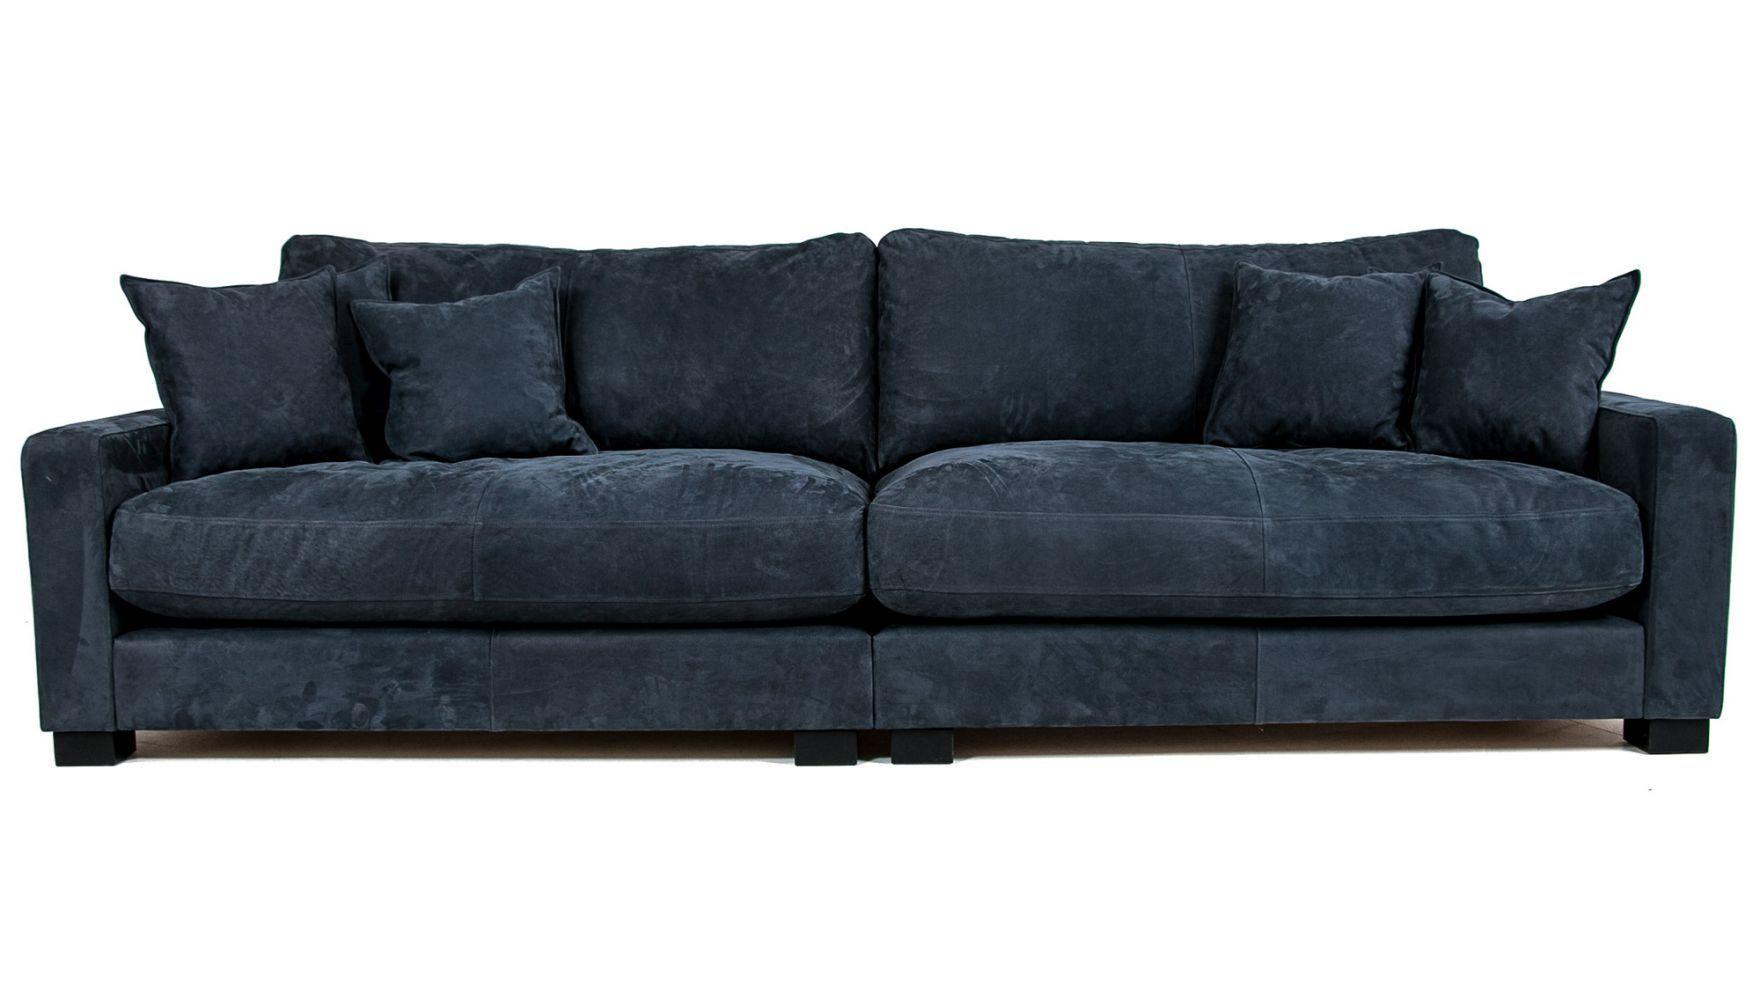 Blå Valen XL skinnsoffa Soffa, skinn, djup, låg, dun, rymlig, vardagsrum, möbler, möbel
==
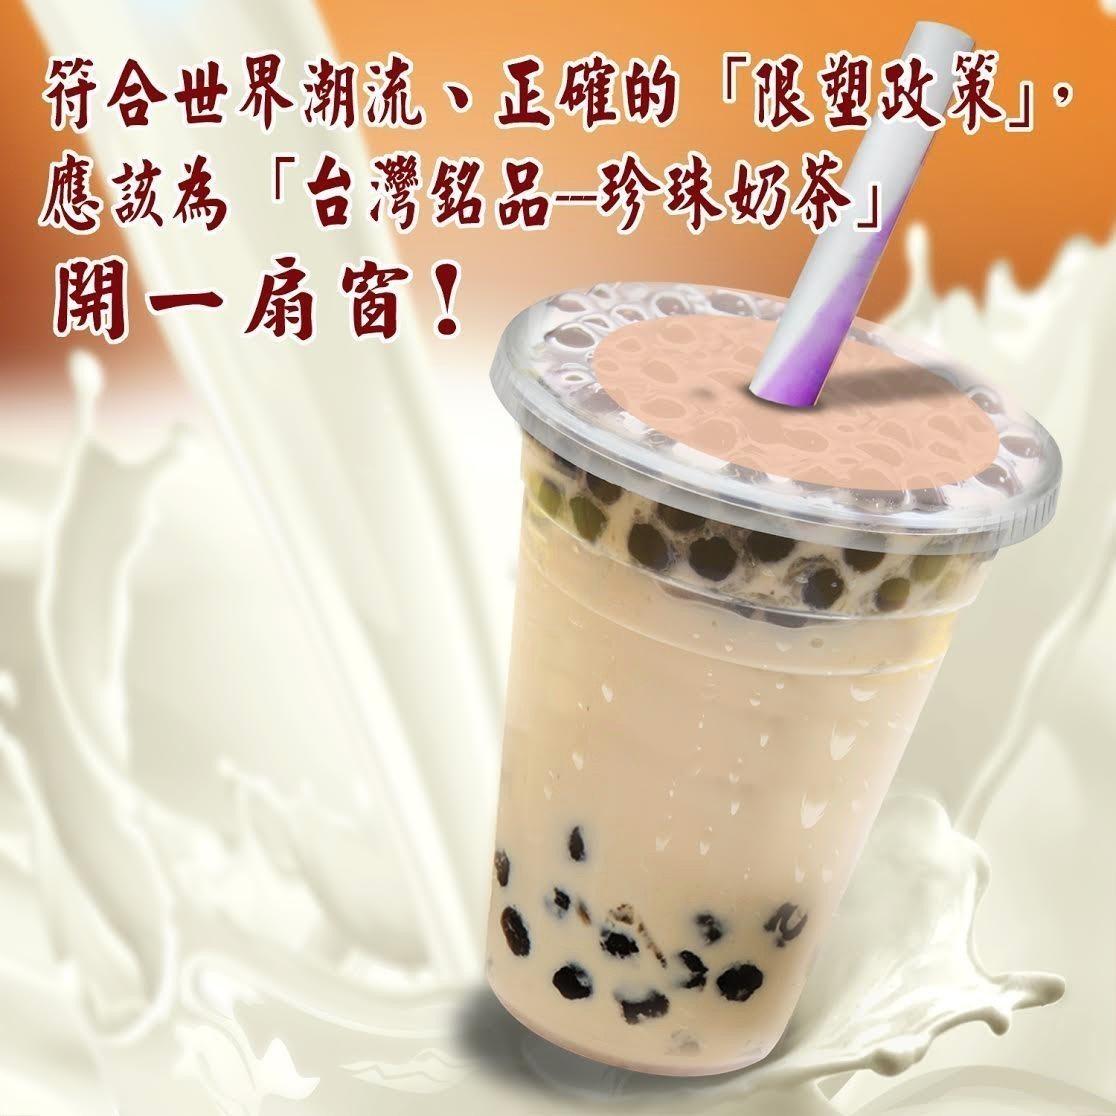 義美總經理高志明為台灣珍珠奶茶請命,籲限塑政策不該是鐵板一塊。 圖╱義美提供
==
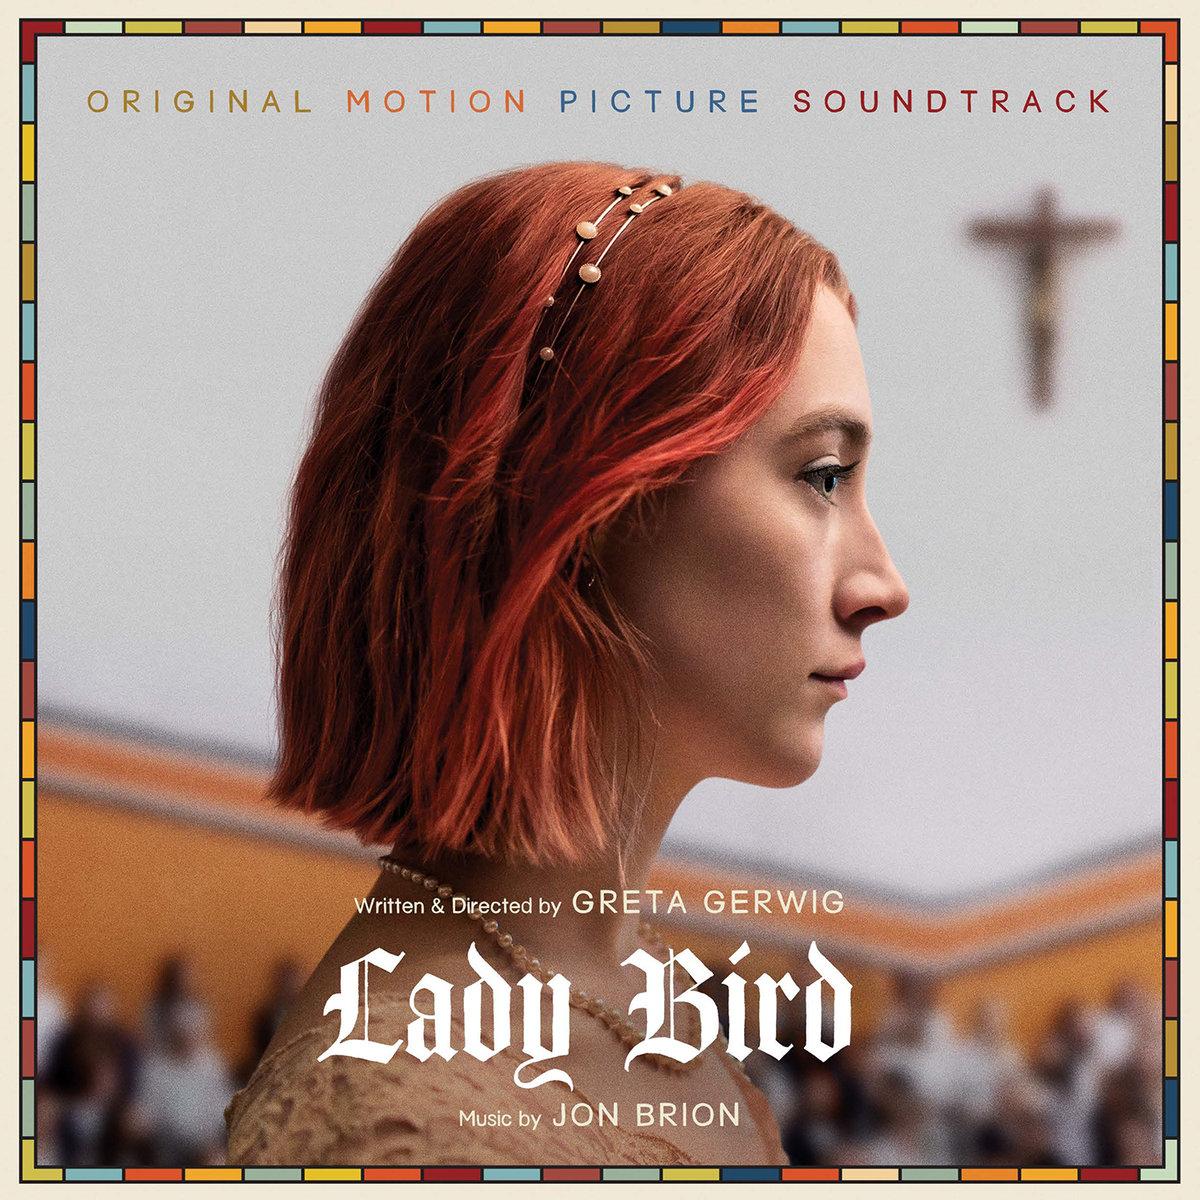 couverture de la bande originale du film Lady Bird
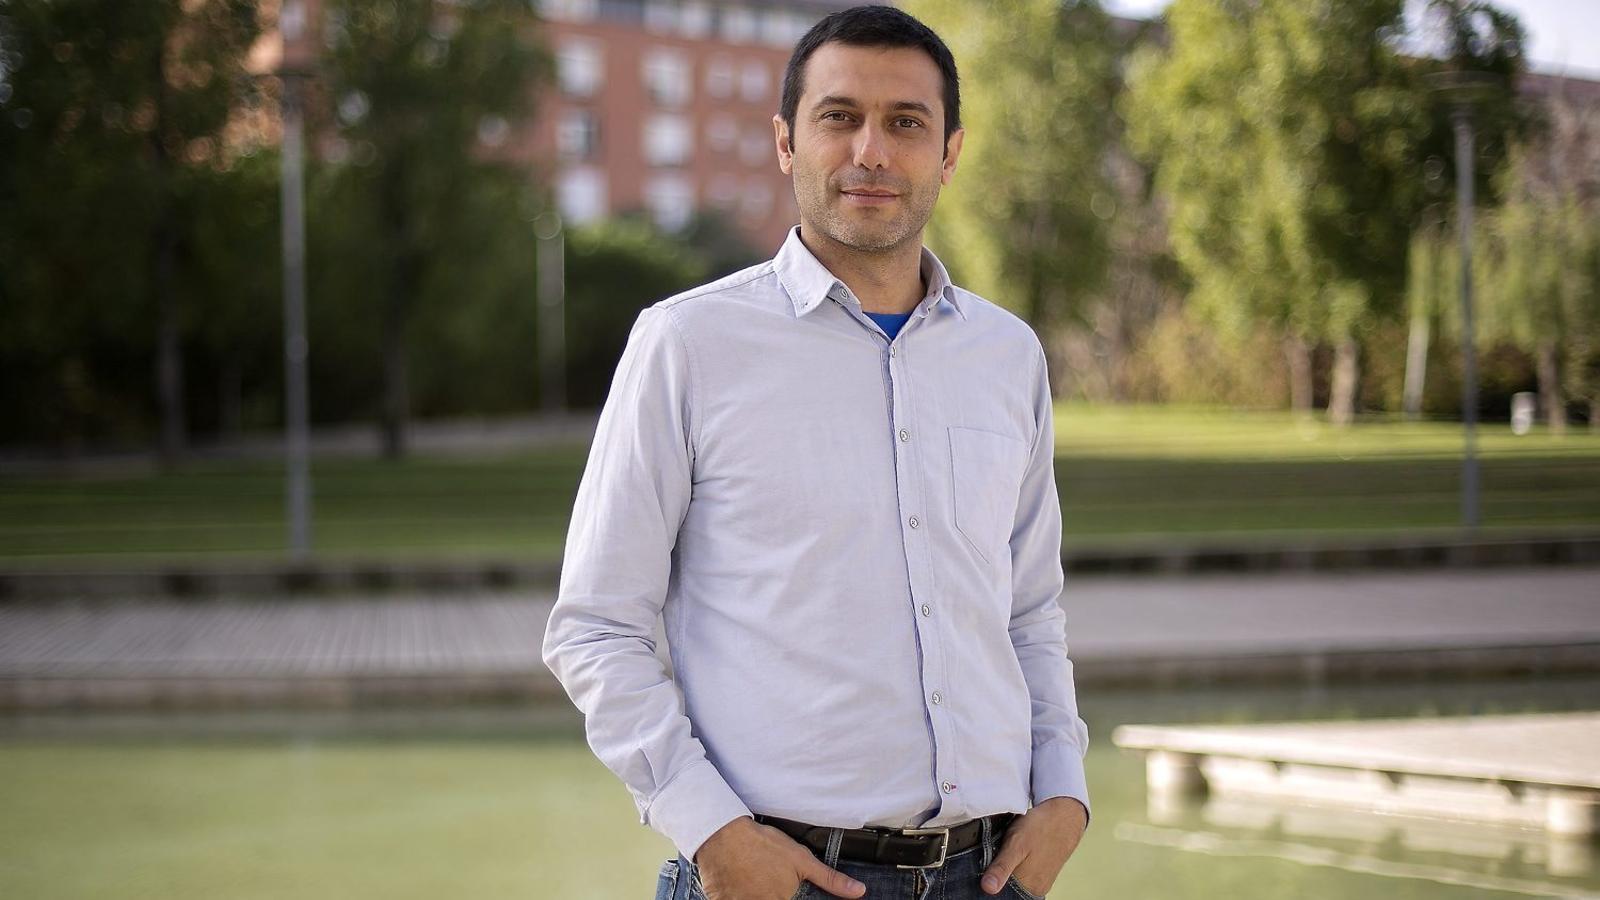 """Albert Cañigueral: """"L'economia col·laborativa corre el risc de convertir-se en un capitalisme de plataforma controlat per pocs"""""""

**Work required**
In the records above, everything from the line with "couverture de la" down to the line with "col·laborativa corre el" is to be set down exactly, both ends included, with no pictures and no other lines.

**Finished exercise**
 couverture de la bande originale du film Lady Bird
 """Albert Cañigueral: """"L'economia col·laborativa corre el risc de convertir-se en un capitalisme de plataforma controlat per pocs"""""""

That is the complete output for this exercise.